Nestor Humberto Martinez Neira

L’autre activité était un nouveau sit-in national pour exiger la démission du Procureur Général, Néstor Humberto Martínez Neira, pour ses liens avec les hommes d’affaires corrompus du groupe Aval, impliqués dans la célèbre affaire Odebrecht, et pour rejeter ses actions indélicates et illégales à la tête du Bureau du Procureur Général qui cherchent à cacher le tissu de corruption qui le compromet avec le Cartel de la Toga, son sabotage des opérations de la Juridiction Spéciale pour la Paix (JEP), et autres comportements répréhensibles. Le sit-in du 11 janvier a montré le formidable potentiel de cette action et une participation massive était prévue.

En outre, la rage et l’impuissance de larges secteurs, d’organisations sociales et d’institutions de défense des droits de l’homme dans tout le pays et à l’étranger s’accumulent, avec les assassinats de dirigeants sociaux qui, dans les premiers jours de l’année, ont été au nombre de 11, soit un par jour, ajoutés à des centaines de dirigeants sacrifiés l’an dernier.

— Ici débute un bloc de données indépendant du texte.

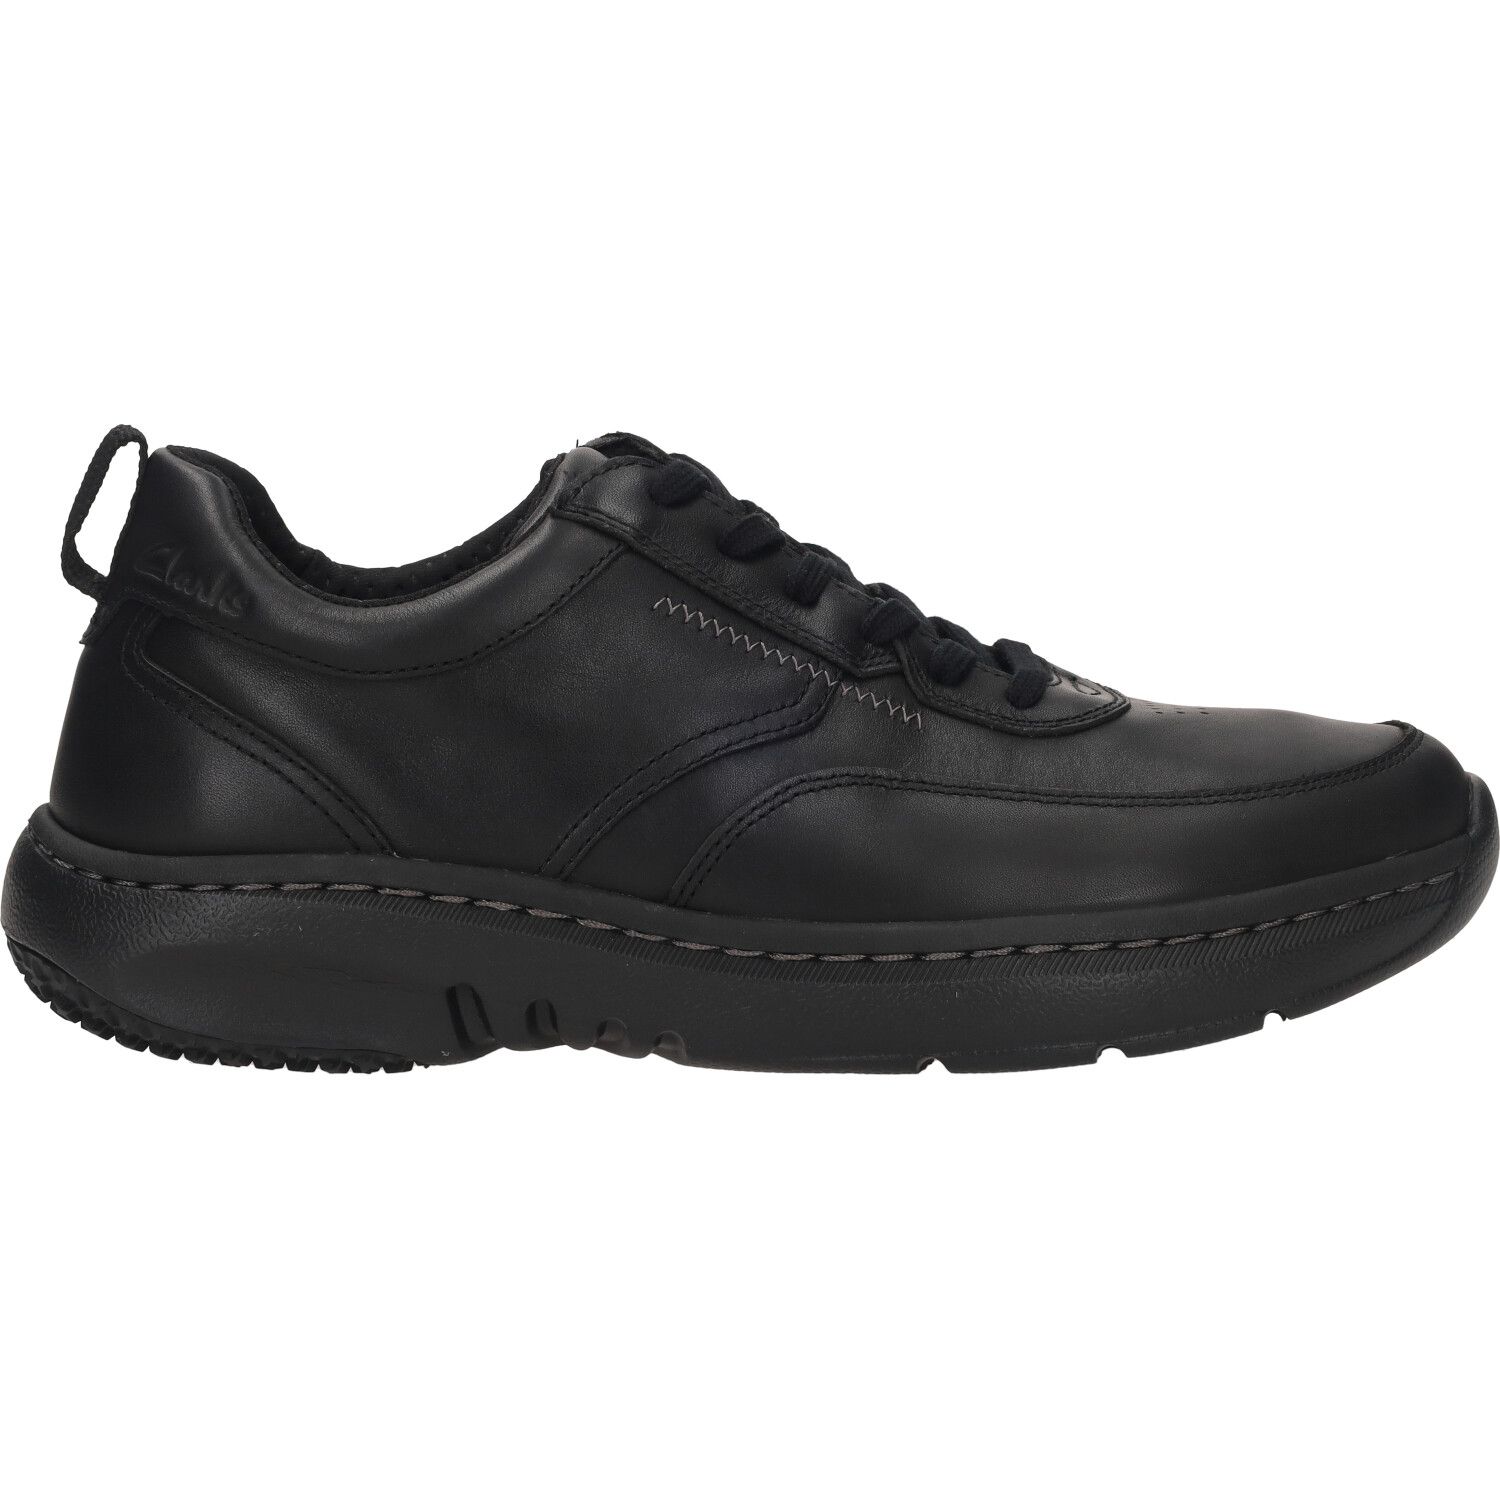 Clarks Sneaker ClarksPro Lace Black Leather
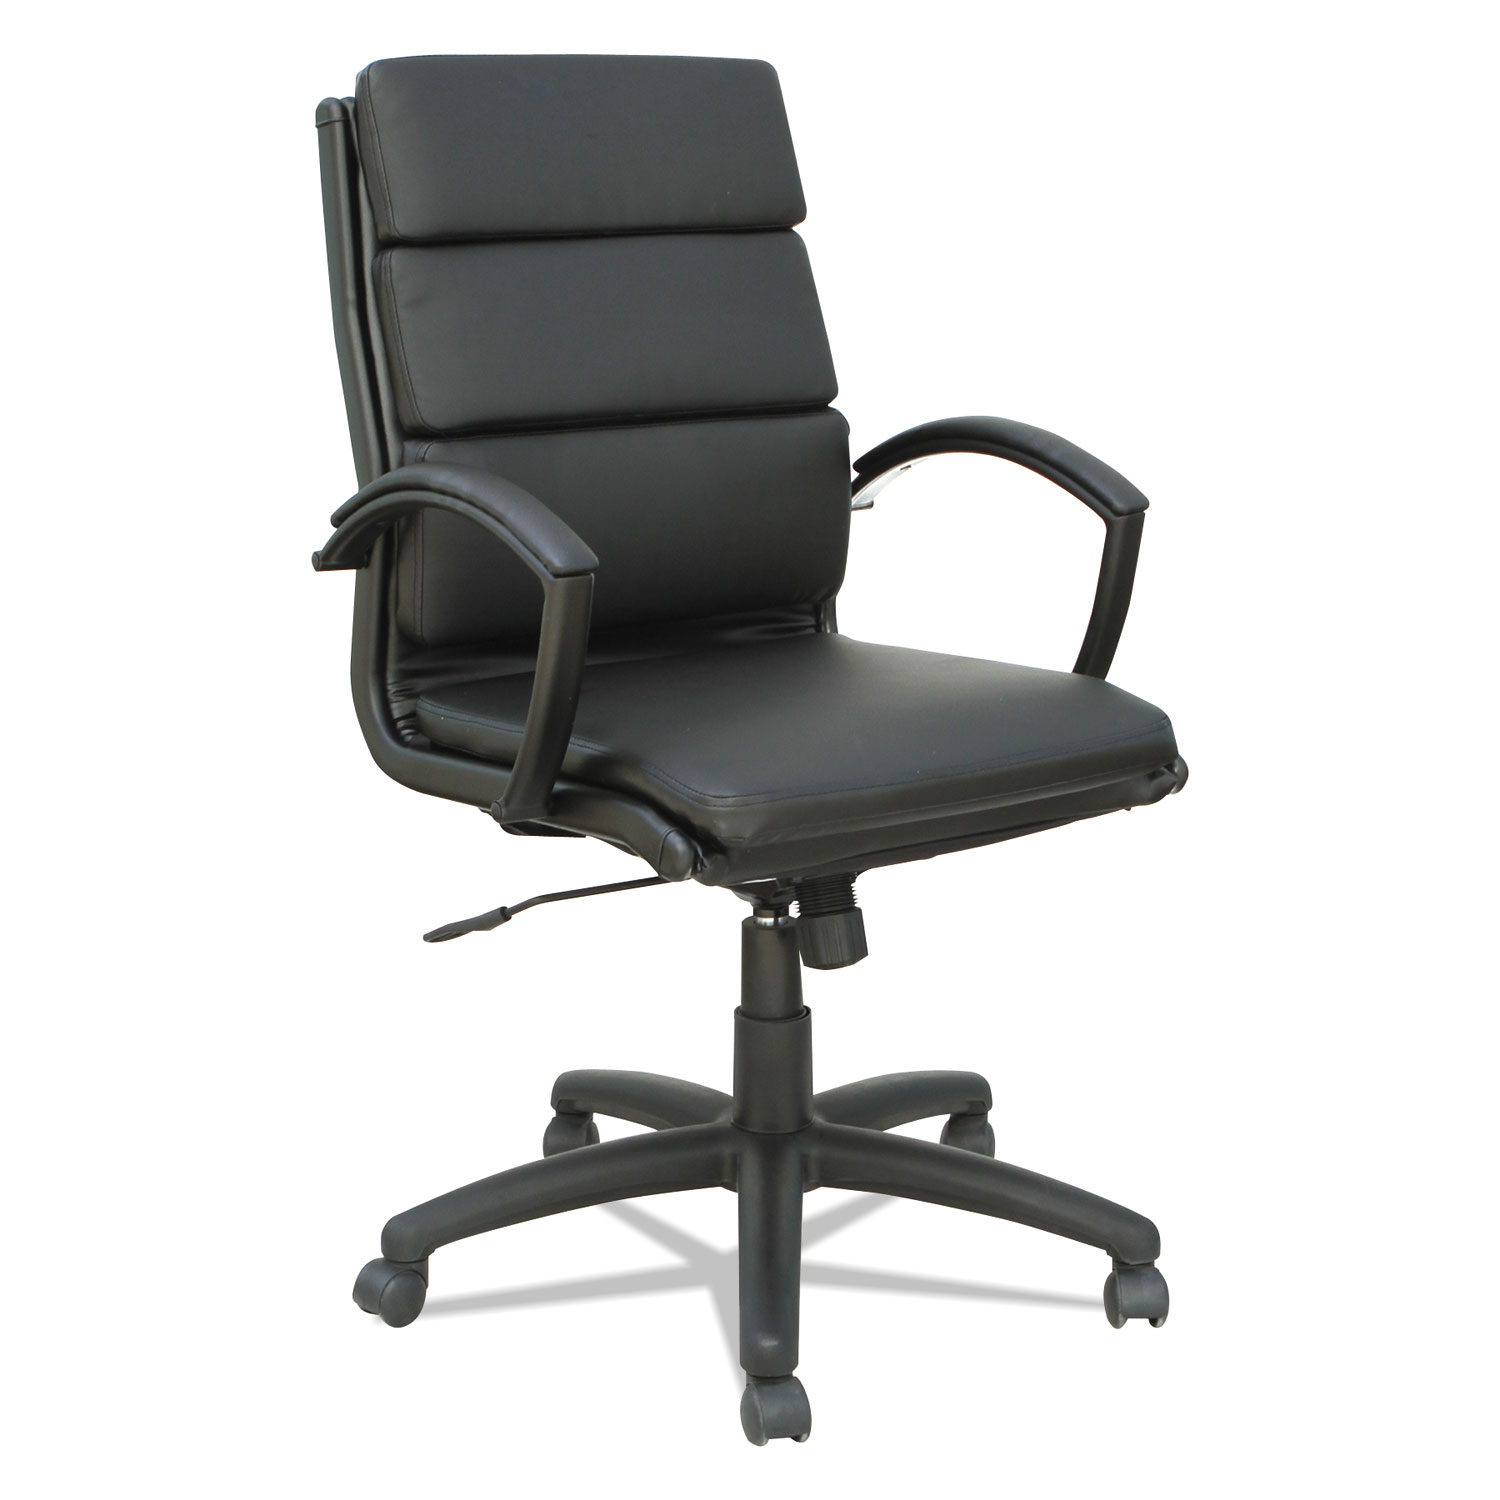  Alera ALENR42B19 Alera Neratoli Mid-Back Slim Profile Chair, Supports up to 275 lbs., Black Seat/Black Back, Black Base (ALENR42B19)

Face à la pression de l’opinion publique, le Procureur Général a reconnu la « systématisation active » des groupes armés illégaux, révélant l’incapacité de l’État (ou le manque de volonté politique ?) à arrêter le saignement du mouvement social colombien.

Autrement dit, il y avait de grandes attentes et possibilités d’action des citoyens et des jeunes ce 17 Janvier.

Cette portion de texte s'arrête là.